Monday, July 24, 2017

Quaker Alphabet Blog 2015-2017 - Z for Zed - The End

This is my last post in the Quaker Alphabet Blog. Since 2013 I have been through the alphabet, writing about Quaker related subjects, four times. Most of the other people who set out on this journey together have moved on to other things and it is time for me to do the same.

I have found this a useful prompt for my blogging - although sometimes no prompt is loud enough for such an arch-procrastinator as myself. The alphabetical structure has sometimes been difficult - not many names begin with Z, although some do, and some letters are much more difficult to find subjects for than others. I was particularly proud of X for Xylography!

I set out to use this format in part to continue to write about lesser-known Quakers of the past and I am happy to have done that. Of my biographical posts the most viewed has been Annie Elizabeth Clark. I certainly intend to continue with this theme and it will be a relief not to have to squeeze my writing into the confines of the alphabet.



Occasionally my alphabetical posts have been historical in other ways and there are themes there which I may try to expand on in future.

Another strand of my blogging has always been the autobiographical and when my life experience and my Quakerism have intersected some more personal posts have appeared in the alphabetical sequence.

So this is not really an ending. I am leaving one particular framework behind but I hope I can use it as a stepping stone to more writing.
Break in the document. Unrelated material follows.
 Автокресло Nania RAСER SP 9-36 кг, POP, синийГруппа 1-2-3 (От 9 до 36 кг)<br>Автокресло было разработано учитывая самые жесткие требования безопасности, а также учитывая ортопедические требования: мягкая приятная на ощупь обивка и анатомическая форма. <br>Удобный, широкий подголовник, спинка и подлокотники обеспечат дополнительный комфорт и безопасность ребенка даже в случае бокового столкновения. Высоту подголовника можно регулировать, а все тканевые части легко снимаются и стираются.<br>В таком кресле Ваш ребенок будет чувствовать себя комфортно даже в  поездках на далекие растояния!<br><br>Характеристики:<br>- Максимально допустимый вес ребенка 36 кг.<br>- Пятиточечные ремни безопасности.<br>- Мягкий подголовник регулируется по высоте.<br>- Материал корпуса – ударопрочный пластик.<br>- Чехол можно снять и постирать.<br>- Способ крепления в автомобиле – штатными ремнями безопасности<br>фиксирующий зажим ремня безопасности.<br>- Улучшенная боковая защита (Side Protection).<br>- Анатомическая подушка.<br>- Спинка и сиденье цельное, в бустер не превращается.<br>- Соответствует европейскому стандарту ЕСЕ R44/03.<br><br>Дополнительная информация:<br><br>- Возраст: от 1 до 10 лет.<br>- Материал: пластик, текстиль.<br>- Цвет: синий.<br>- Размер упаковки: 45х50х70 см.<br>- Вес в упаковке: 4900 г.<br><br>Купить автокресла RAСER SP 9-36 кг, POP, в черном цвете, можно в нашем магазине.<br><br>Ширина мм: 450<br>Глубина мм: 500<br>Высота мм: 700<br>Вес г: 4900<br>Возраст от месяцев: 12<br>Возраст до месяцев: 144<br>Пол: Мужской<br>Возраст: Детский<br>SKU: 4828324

The difficulty that the alphabet structure was meant to remedy still remains - how to make myself sit down and write. To find out whether I have made any progress there you will have to watch this space!


3 comments:

Tina said...

I have enjoyed your blog and would like to use parts of it for printing on fabric. Hope you will not refuseerission. Tina Helfrich

Gil S said...

Thanks Tina. In general I would be happy but I would like to know which parts you will be using. If it is illustrations rather than text you may need to ask permission elsewhere and I would be happy to give you references.

Nancy said...

I have just discovered your blog and am sorry to see it has ended. In many ways I identify with what you have been doing. I am 85, a livelong Quaker, and have recently finished a biography of Joanna Slocum Mott, a Quaker minister born in the Rhode Island Colony in 1642. I am now trying to put together a sort of memoir, consisting of personal pieces entertwined with comments on the testimonies and references to my Quaker ancestors as they struggled with life. All this for my great-granddaughter, now 1.
If you write more, or on another platform, please let me know!